Last week, these workers voted by 96% to authorize the strikes, following months of contract negotiations and the expiration of their labor contract in January. The strikes will involve around 10,000 workers at 77 stores.
According to Local 7, unfair labor practice (ULP) strikes are permitted under federal law when workers have tried to resolve a conflict or dispute with their employer and have formalized that complaint in a ULP charge against the employer with the National Labor Relations Board.
The union alleges such charges as illegally interrogating union members about its bargaining and surveilling members in discussions with union staff; illegally refusing to provide information necessary for the union to be able to make or consider proposals in contract negotiations, including sales data necessary for staffing proposals; illegally threatening members with discipline and sending home from work for wearing union clothing, buttons and other such gear; unlawfully insisting on gutting $8 million in retiree health benefit funds to pay for wage raises for active workers.

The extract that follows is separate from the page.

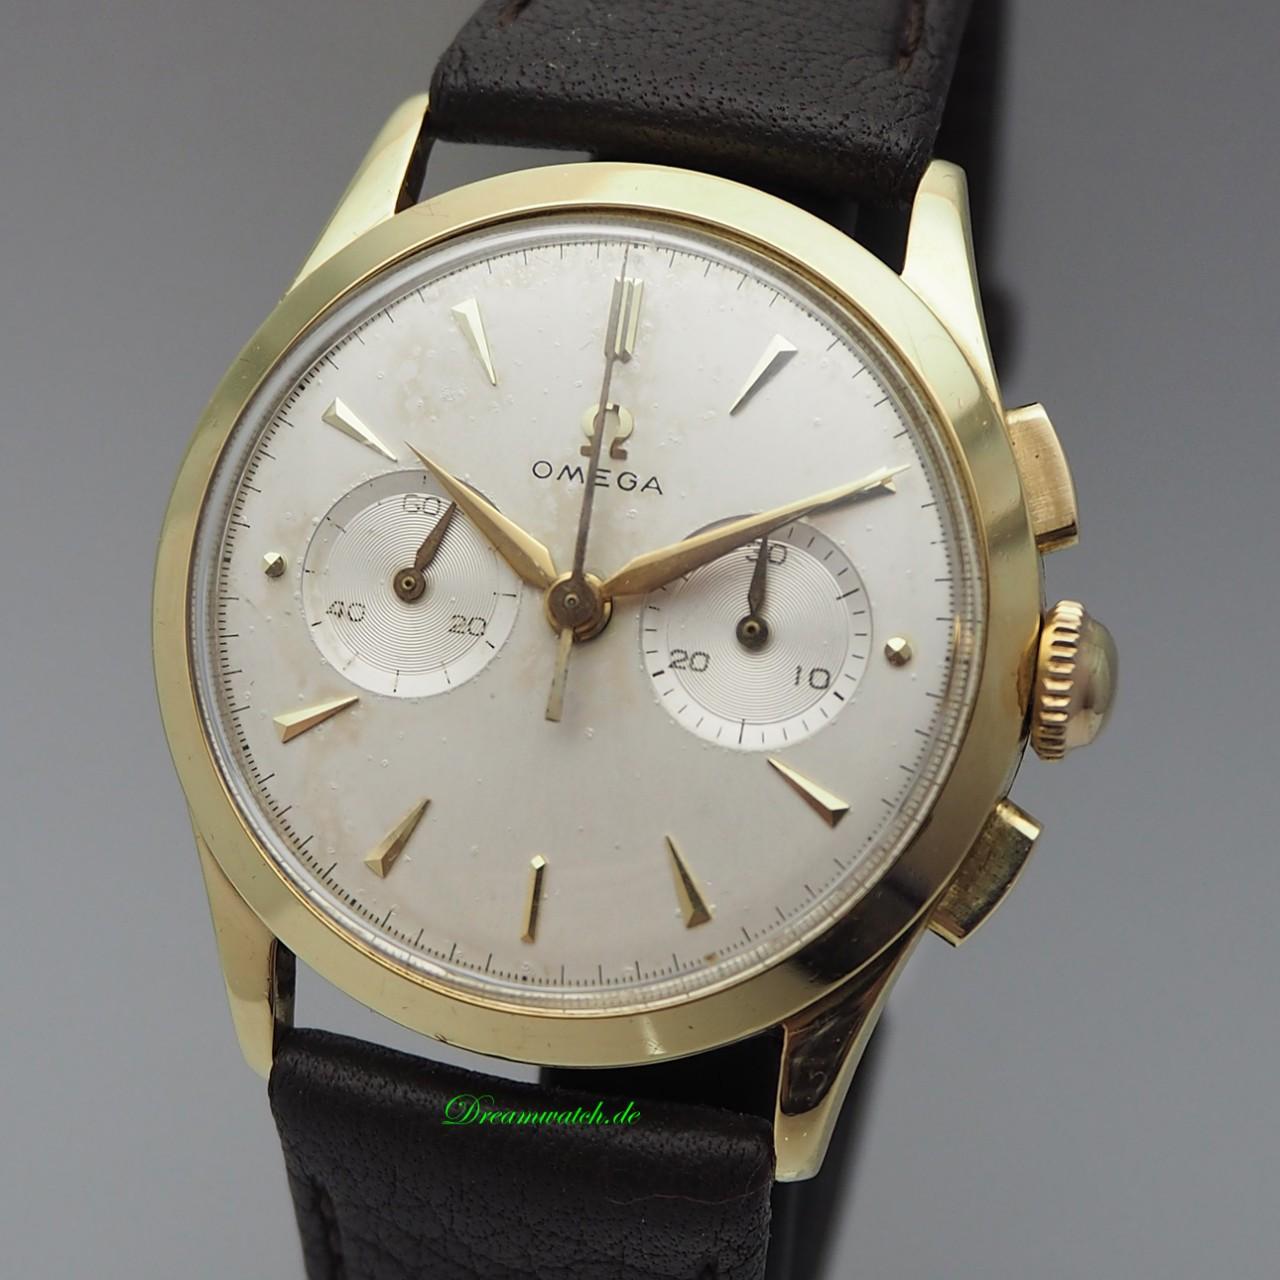 Omega Vintage Chronograph 2-Register Cal. 320 -18k/750 Gold from 1957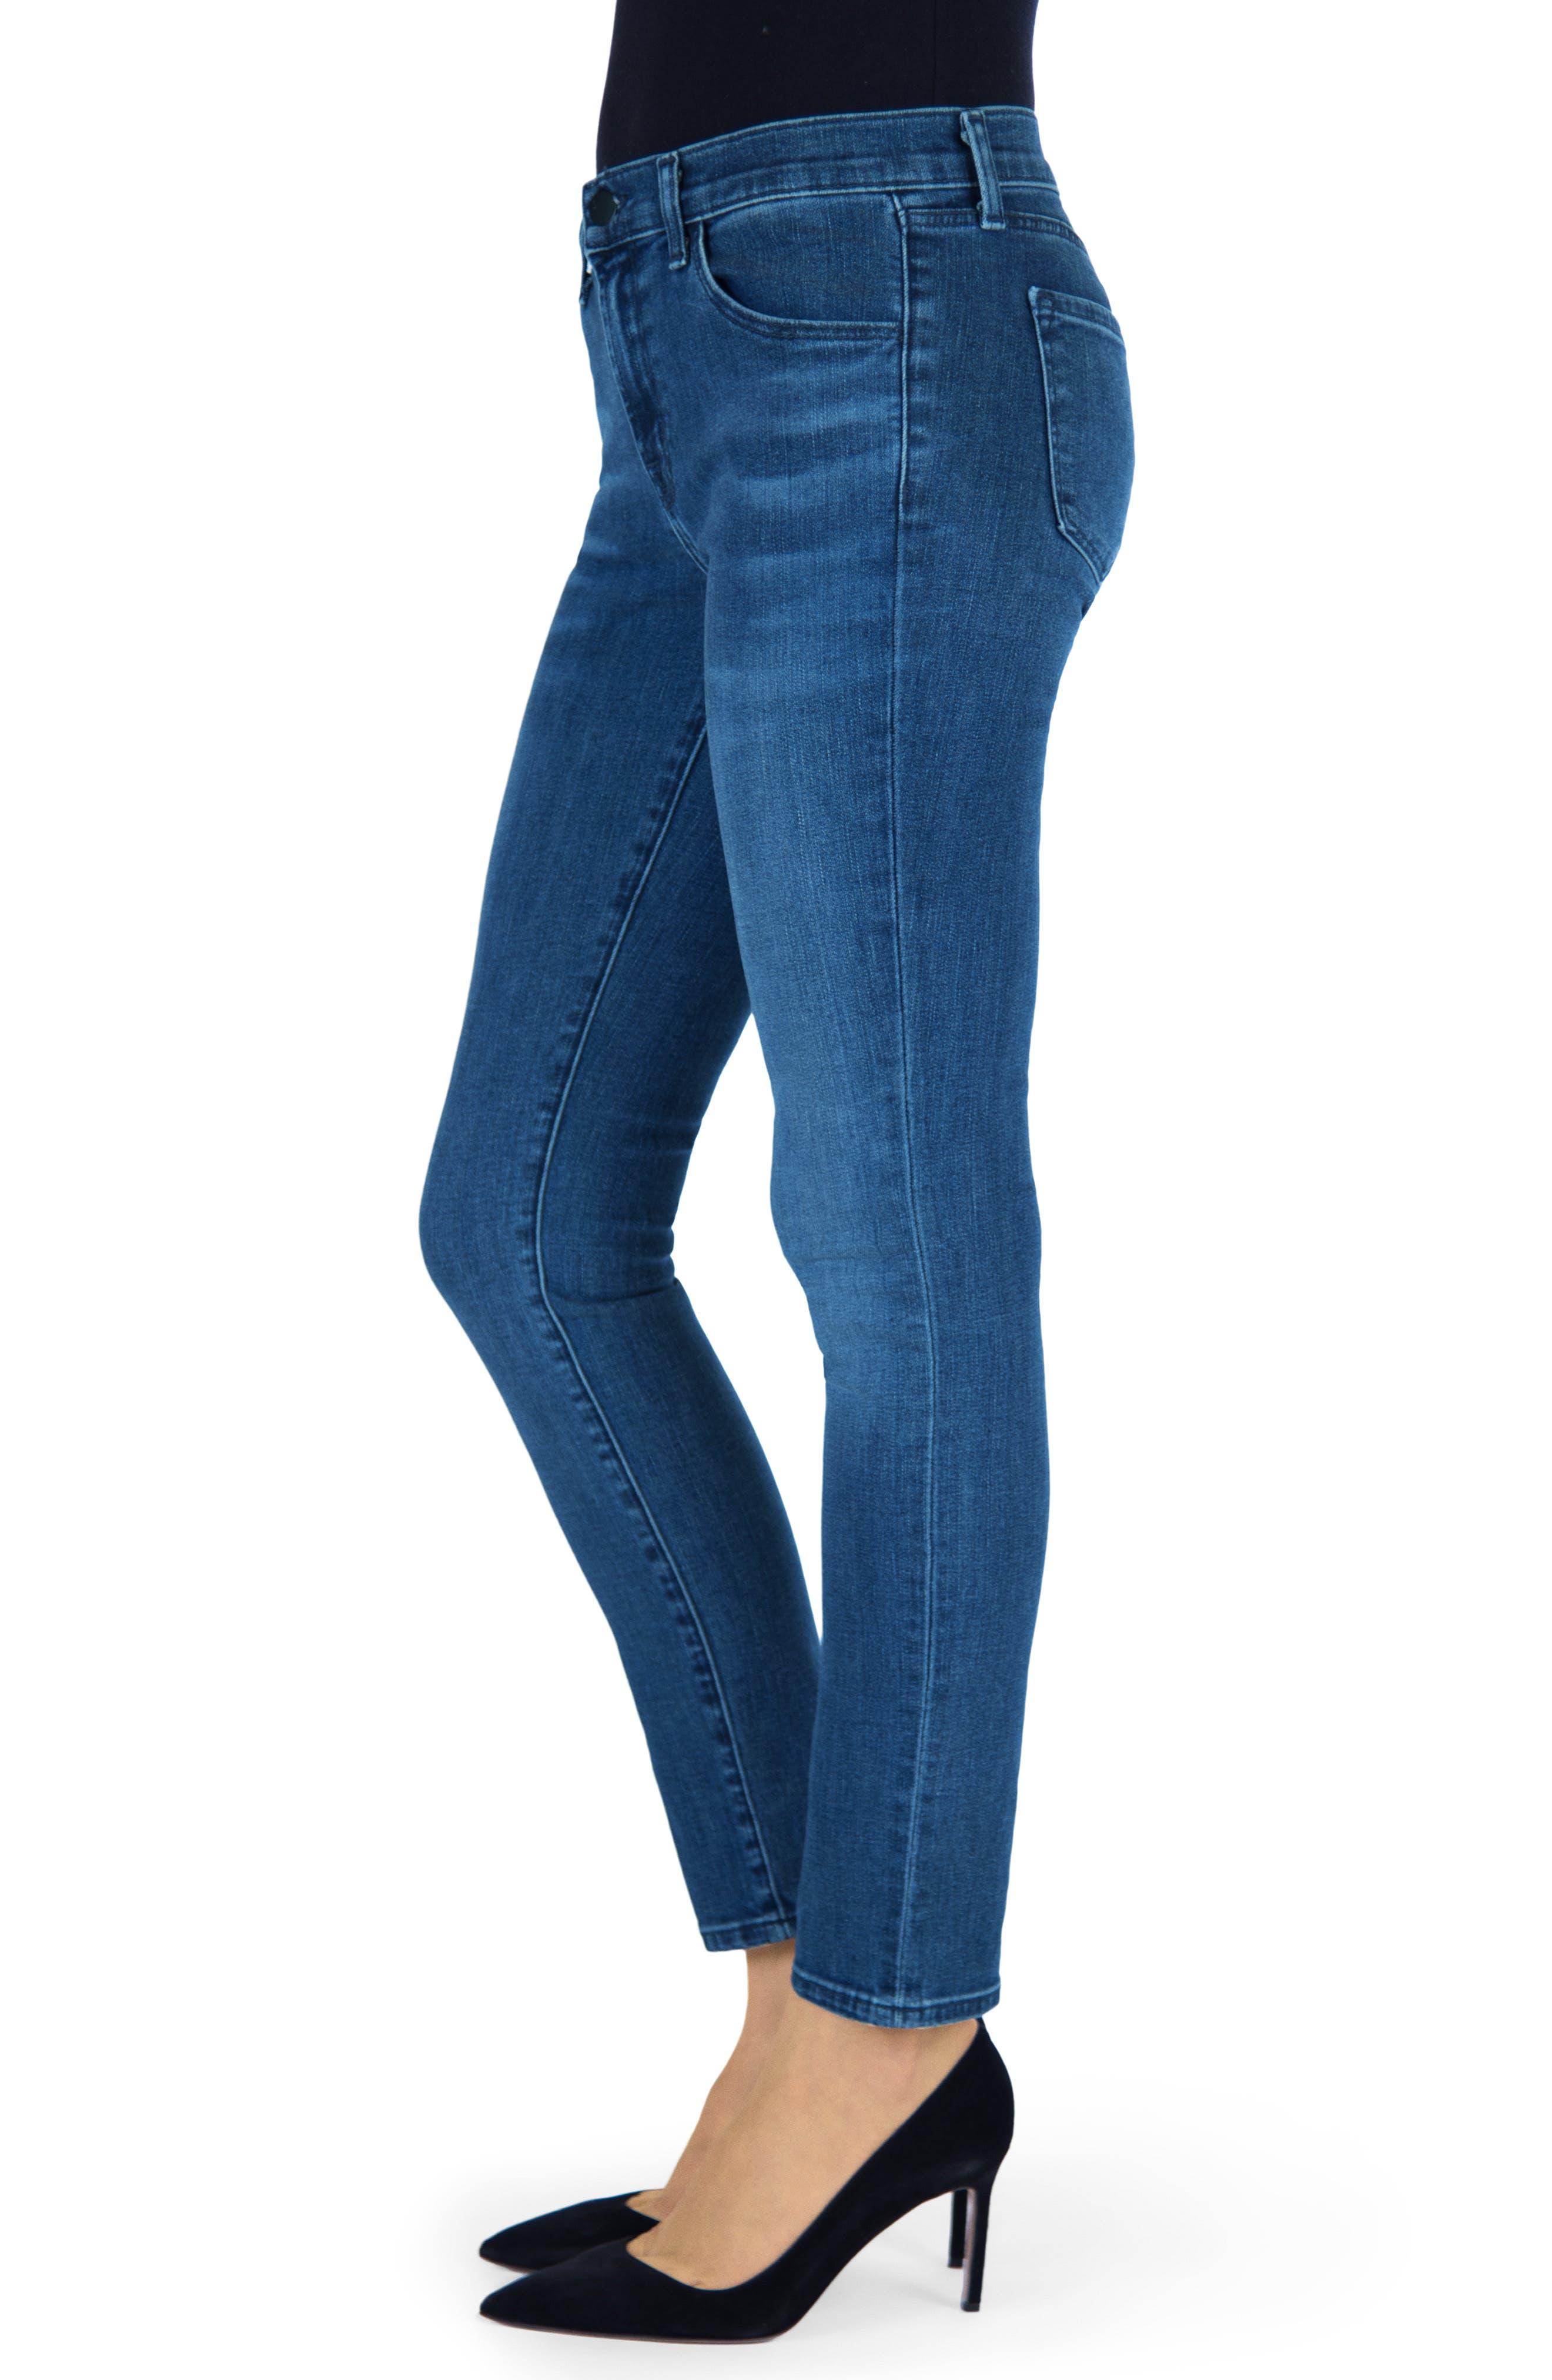 811 Skinny Jeans,                             Alternate thumbnail 3, color,                             400

“This strike is about holding one of the largest corporations in America accountable when they break the law and cause harm to workers and our customers,” noted Kim Cordova, president of Local 7, which has offices in Colorado Springs, Cheyenne, Wheat Ridge, Grand Junction, Greeley and Pueblo, Colo. “We are holding this strike for a two-week period to allow everyone to understand our concerns, and give the employer time to right their wrong.”
Further, the company’s actions during a strike of King Soopers workers in 2022 are the subject of a lawsuit by Colorado Attorney General Phil Weiser for allegedly entering into an illegal “no-poach” agreement with Albertsons to undermine the striking workers.
Parent company Kroger has consistently refuted the union’s charges, noting that “[t]he company holds itself to the highest ethical standard and is confident that the union’s allegations of unfair labor practices are unfounded.” King Soopers has also vowed to keep stores open in the event of strikes.
UFCW Local 7 represents 23,000 union workers across Colorado and Wyoming, nearly 12,000 of whom are employed at King Soopers and City Market stores. Local 7 is affiliated with Washington, D.C.-based United Food and Commercial Workers International Union, which represents more than 1.3 million workers in the United States and Canada, making it one of the largest private-sector unions in North America.
The Kroger Family of Companies’ nearly 420,000 associates serve more than 11 million customers daily through a digital shopping experience and retail food stores under a variety of banner names. The Cincinnati-based grocer is No. 4 on The PG 100, Progressive Grocer’s 2024 list of the top food and consumables retailers in North America. PG also named Kroger one of its Retailers of the Century.